К чаю они вышли в четвертом часу. Алексей Иванович, раскладывавший пасьянс, как будто и не заметил их отсутствия. «Кажется, к вечеру будет дождь, — сказал он (всегда верно угадывал, какая будет погода), — садитесь, Николай Сергеевич, гостем будете». В последнее время Мамонтову бывало с ним неловко, хотя он был так же благодушен, как прежде. Алексей Иванович несколько сдал после несчастья с Карло. У него появились морщины. Он усиленно тренировался в своем деле. — «Надо, надо работать, Катенька! — бодро говорил он, — чтобы нам с тобой не остаться без куска хлеба». — «Что вы, что вы, Алешенька, я вас всю жизнь буду кормить, а вы только живите до ста лет», — отвечала Катя взволнованно. — «Ты прокормишь! — говорил он, смеясь уже почти по-стариковски, — за тобой не пропадешь». Речь и манеры у Алексея Ивановича становились все более степенными. Ничего умного или интересного он не говорил, но Мамонтову иногда бывало приятно его слушать. Что-то необыкновенно успокоительное всегда было в его рассудительных словах. Николай Сергеевич не знал (все забывал спросить), откуда родом Рыжков; ему почему-то казалось, что верно Алексей Иванович родился где-нибудь в Костромской Ипатьевской слободе или в какой-либо избе рыбака на берегу Камы.

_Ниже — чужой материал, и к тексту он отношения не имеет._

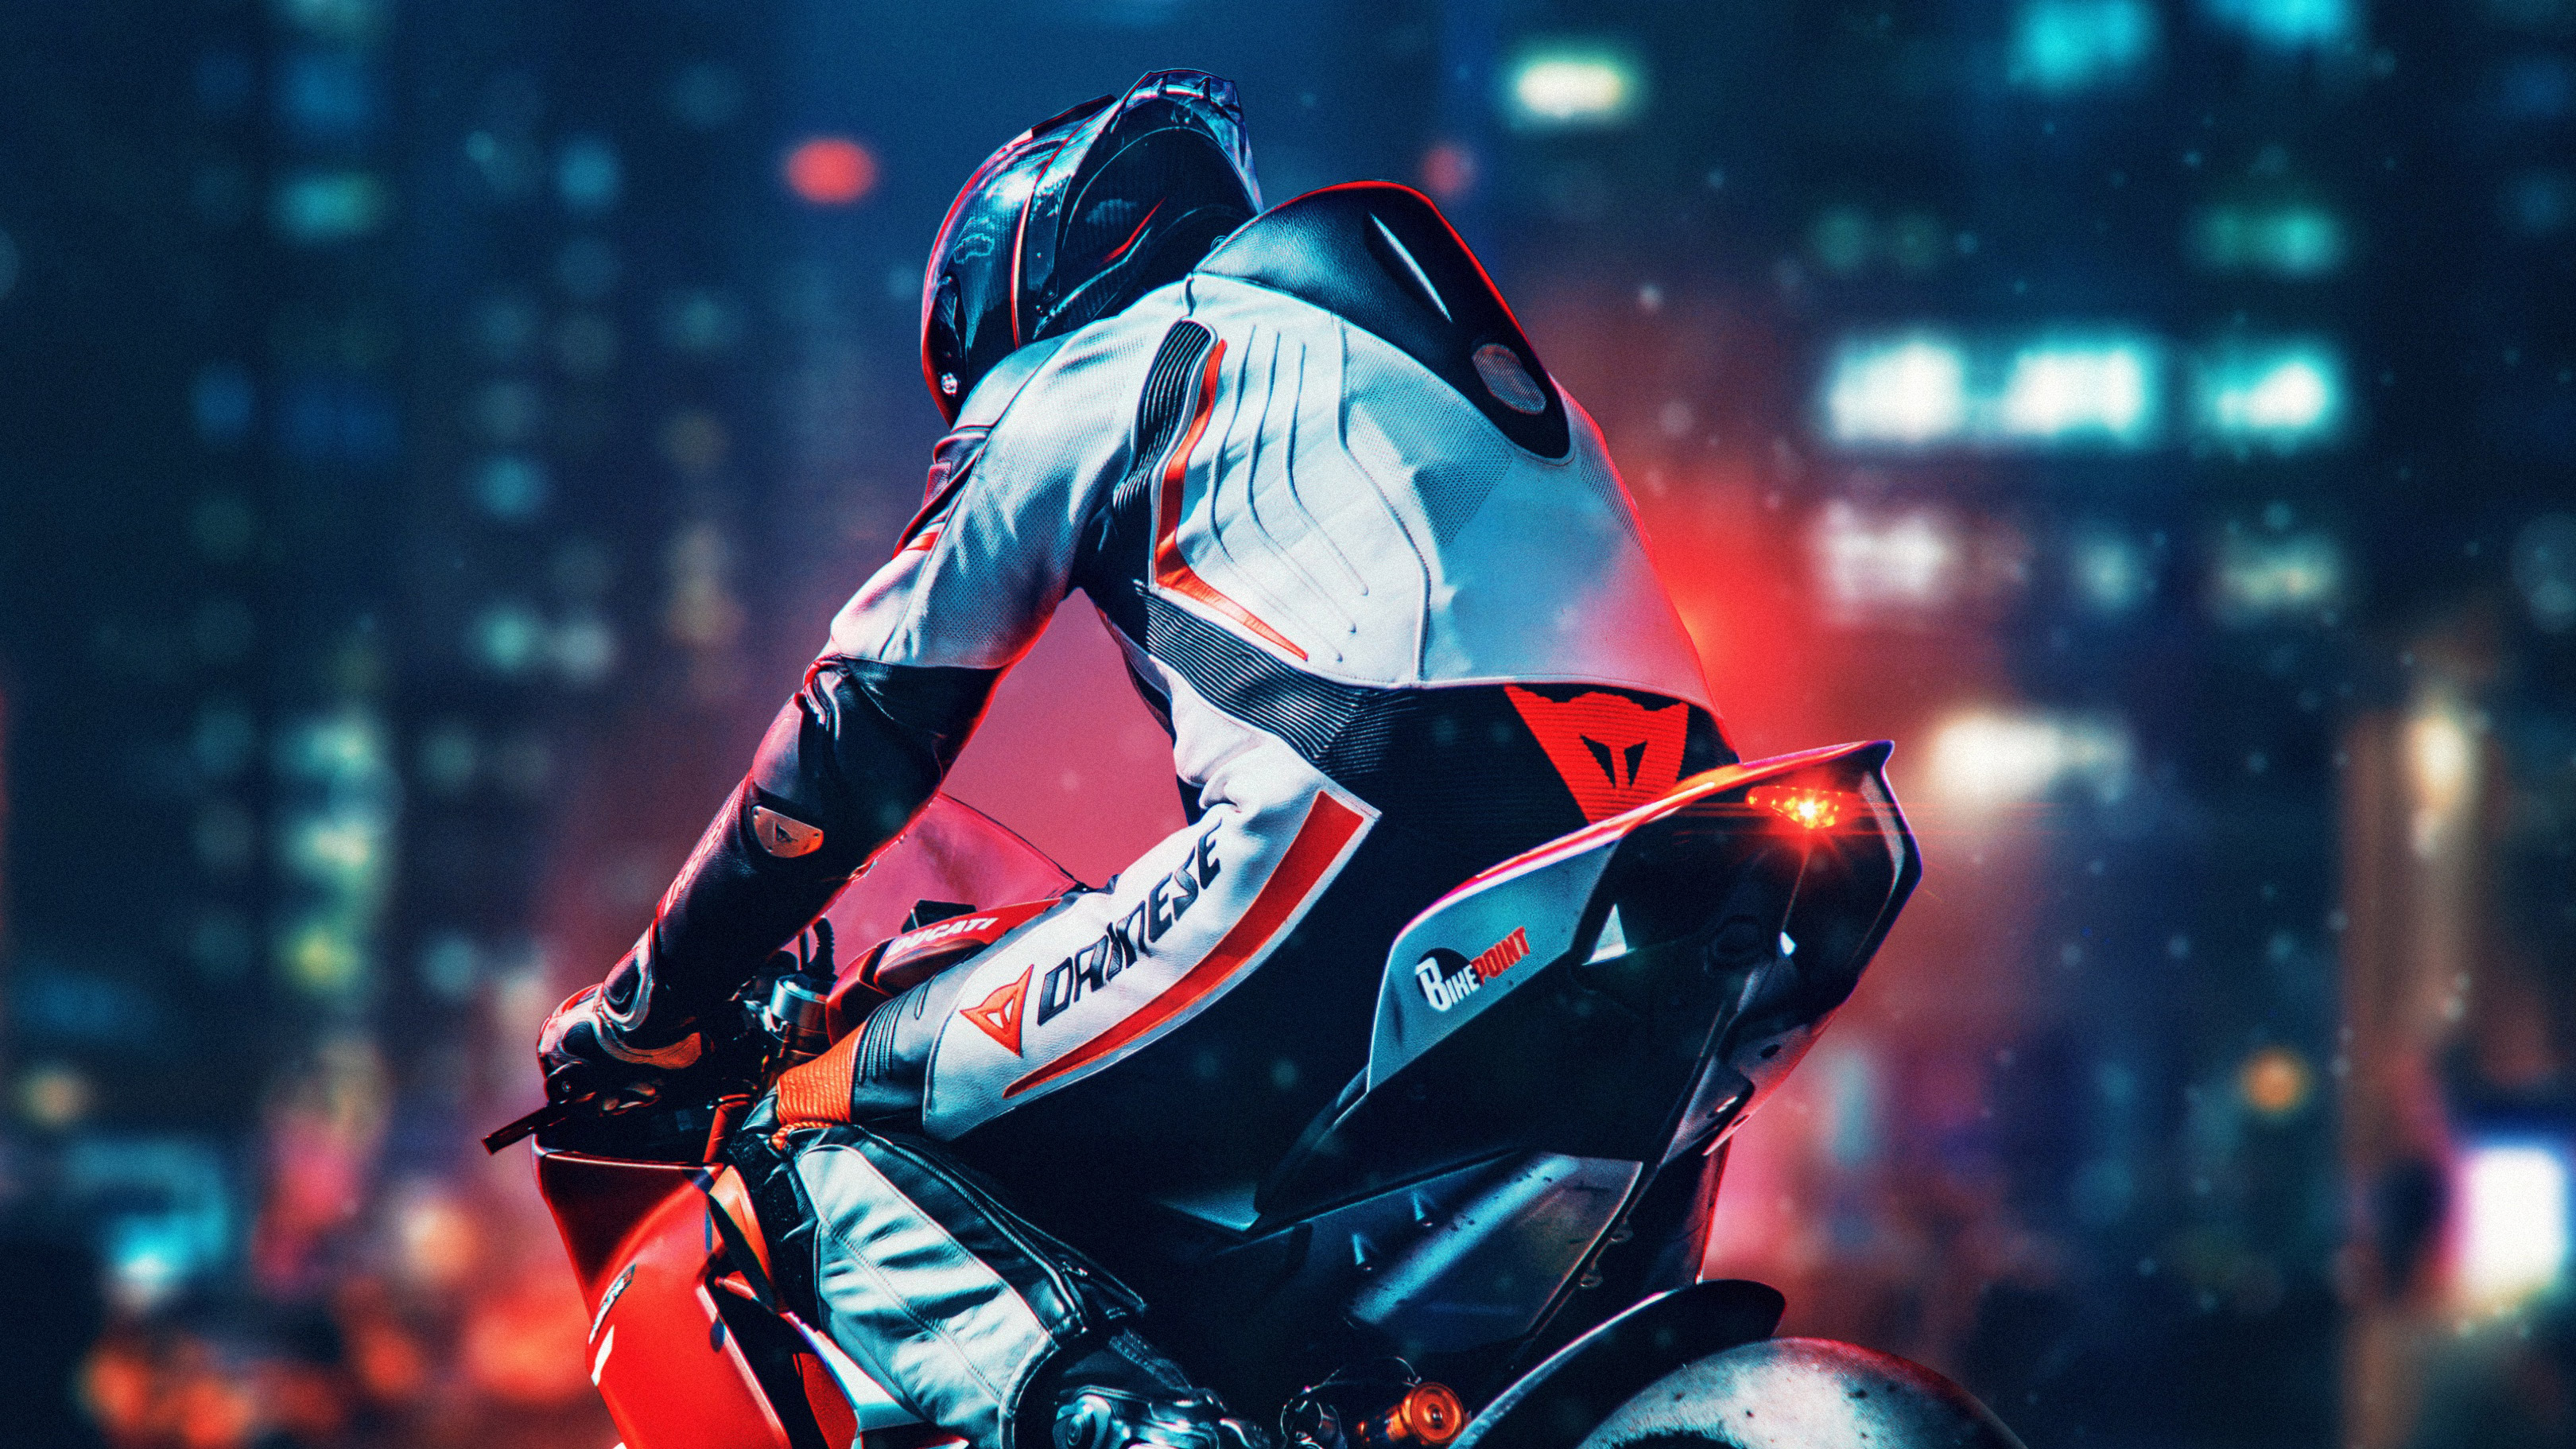 Suzuki Motorcycle Wallpapers | BadAssHelmetStore
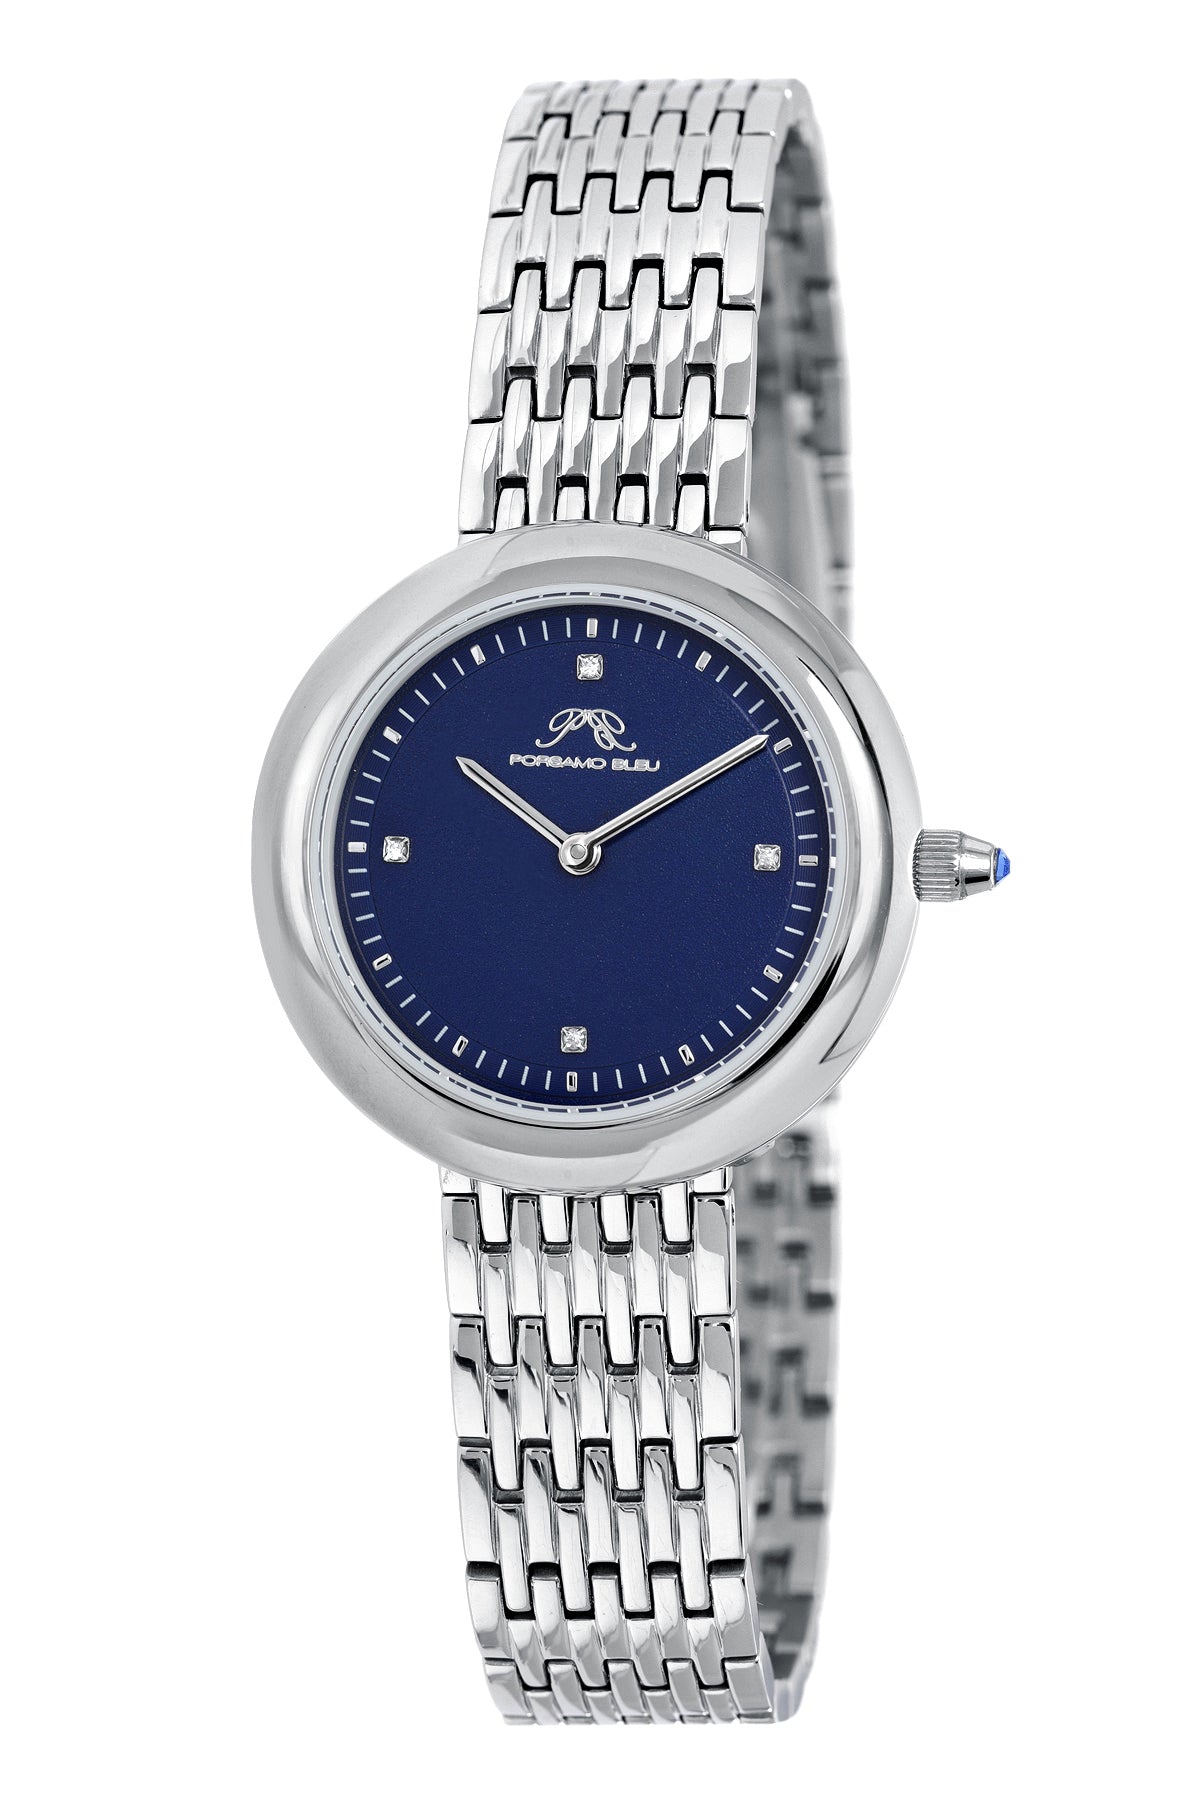 Porsamo Bleu Florentina Luxury Diamond Women's Stainless Steel Watch,  Blue, Silver 902AFLS

Через полчаса все было сказано о цирке, о погоде, о море, о герингсдорфских ресторанах и о худении Кати. Николай Сергеевич даже заговорил о политических событиях. Больше от скуки он стал развивать свои республиканские взгляды. Катя его не слушала. Алексей Иванович слушал, разинув рот, и смотрел на Мамонтова так, как, вероятно, инка Орехон смотрел на Пизарро, когда тот ему объявил, что приехал из неведомой страны и намерен обратить их в свою веру.

— Да как же можно без царя, Николай Сергеевич?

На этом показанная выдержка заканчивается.